#### Information provided:
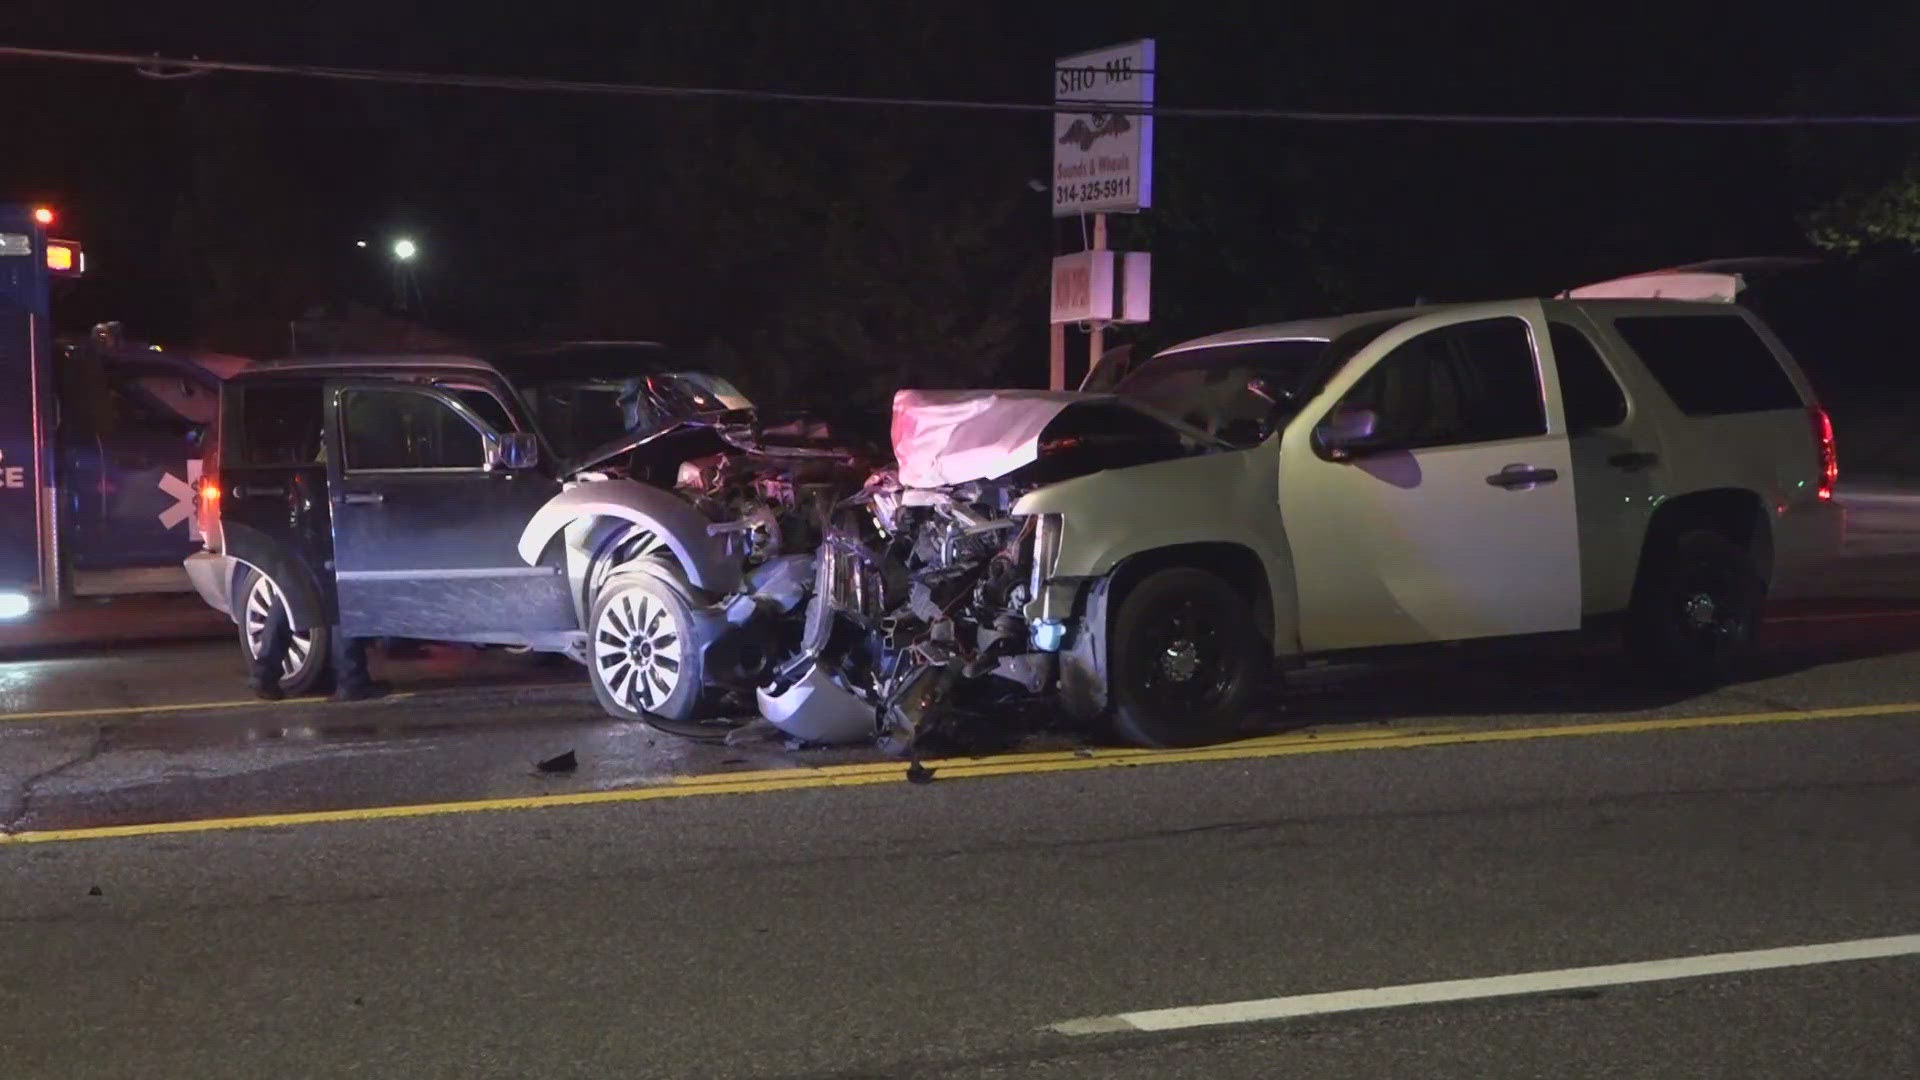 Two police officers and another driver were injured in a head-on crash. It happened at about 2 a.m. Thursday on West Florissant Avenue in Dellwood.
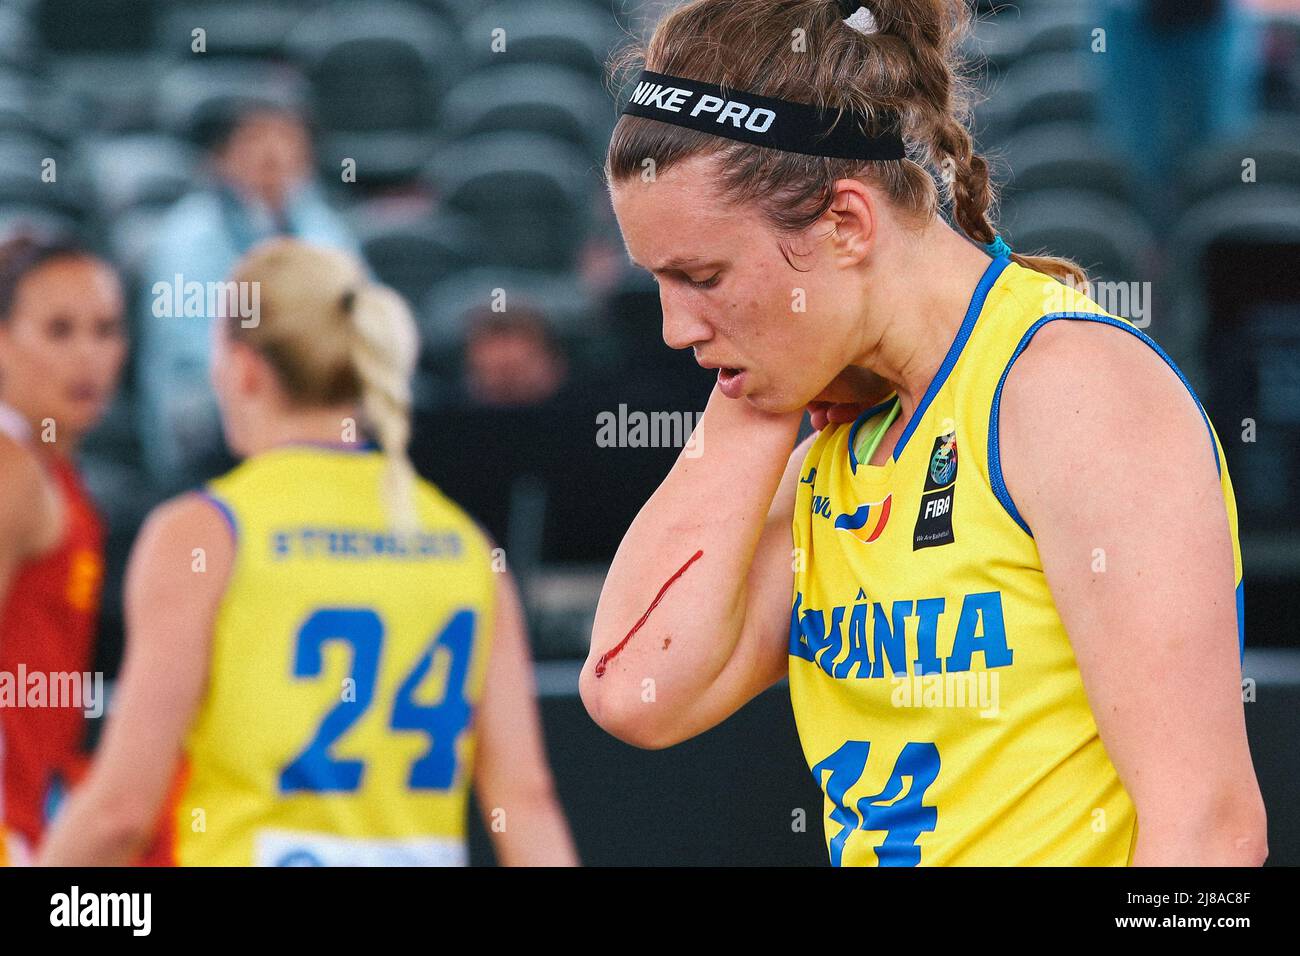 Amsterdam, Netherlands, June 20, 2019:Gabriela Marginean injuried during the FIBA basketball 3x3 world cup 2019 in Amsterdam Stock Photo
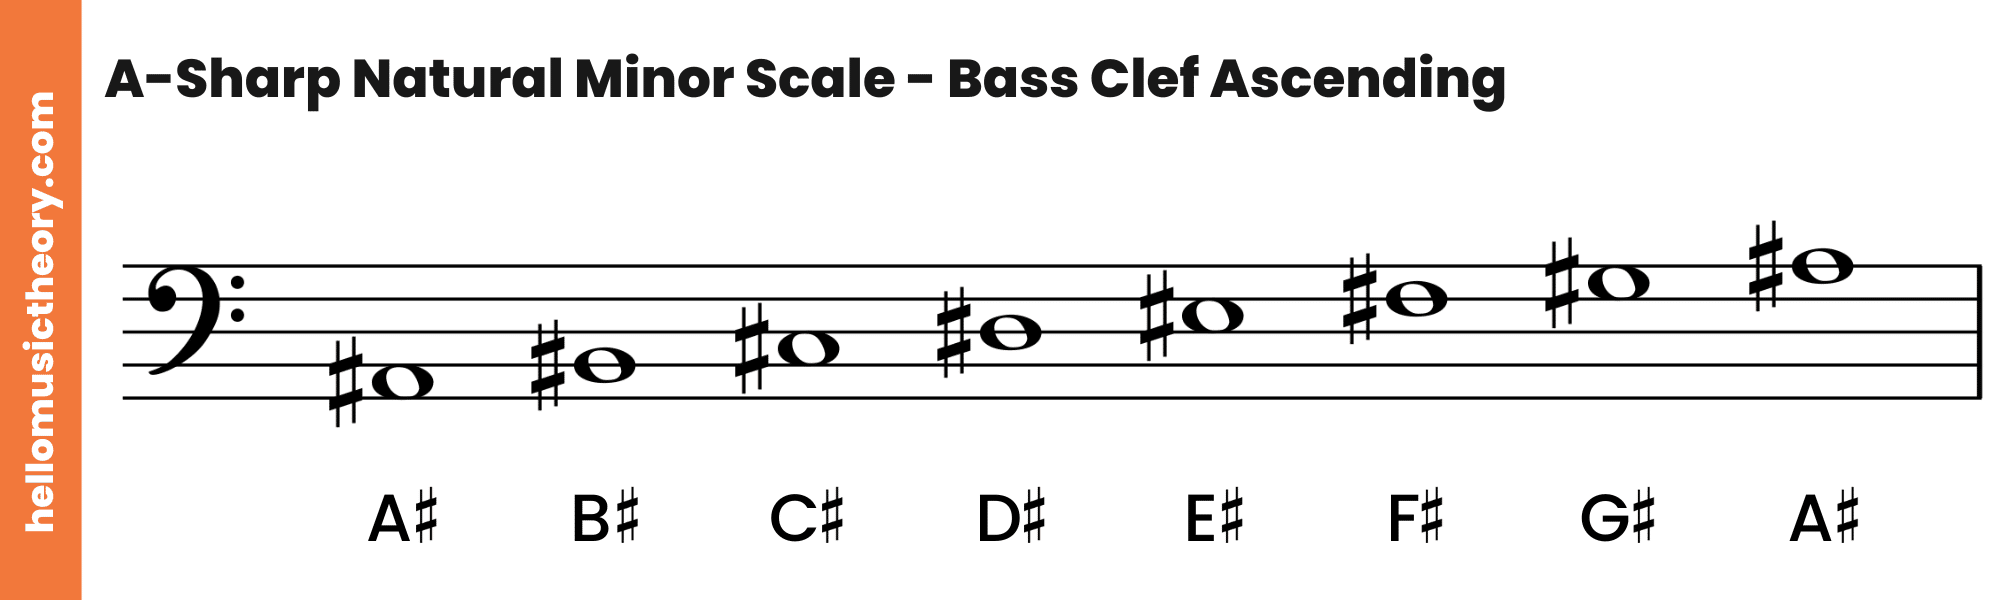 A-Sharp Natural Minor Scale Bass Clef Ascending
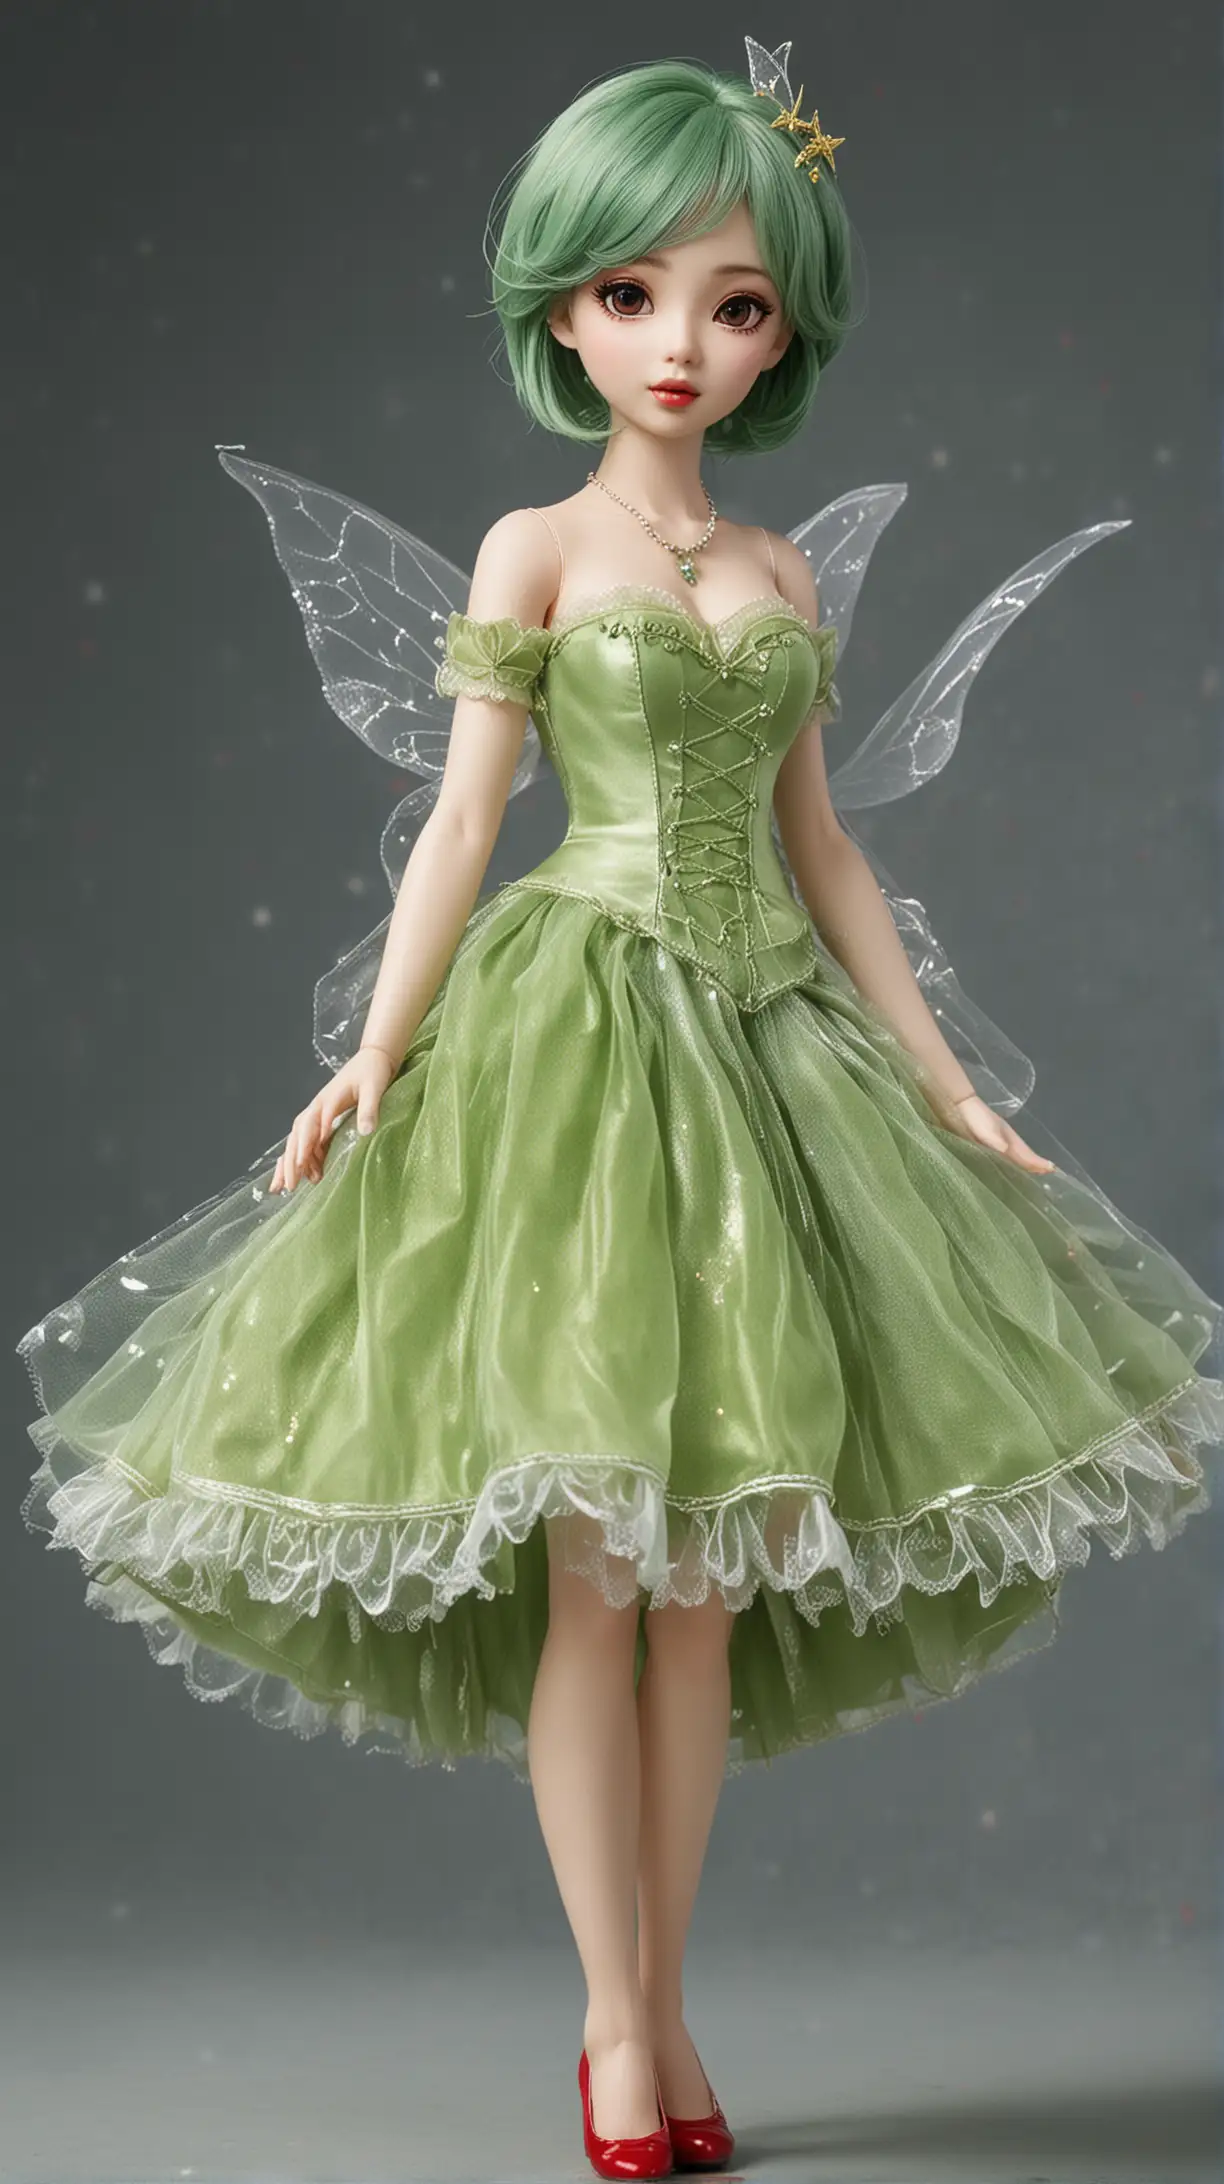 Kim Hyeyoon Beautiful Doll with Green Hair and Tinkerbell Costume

#### Task to complete:
Only the lines from the one containing "A-Sharp Natural Minor" through the end of the listing above should be reproduced, exactly as they stand. Leave the pictures out.

#### Response to this exercise:
 A-Sharp Natural Minor Scale Bass Clef Ascending
 Kim Hyeyoon Beautiful Doll with Green Hair and Tinkerbell Costume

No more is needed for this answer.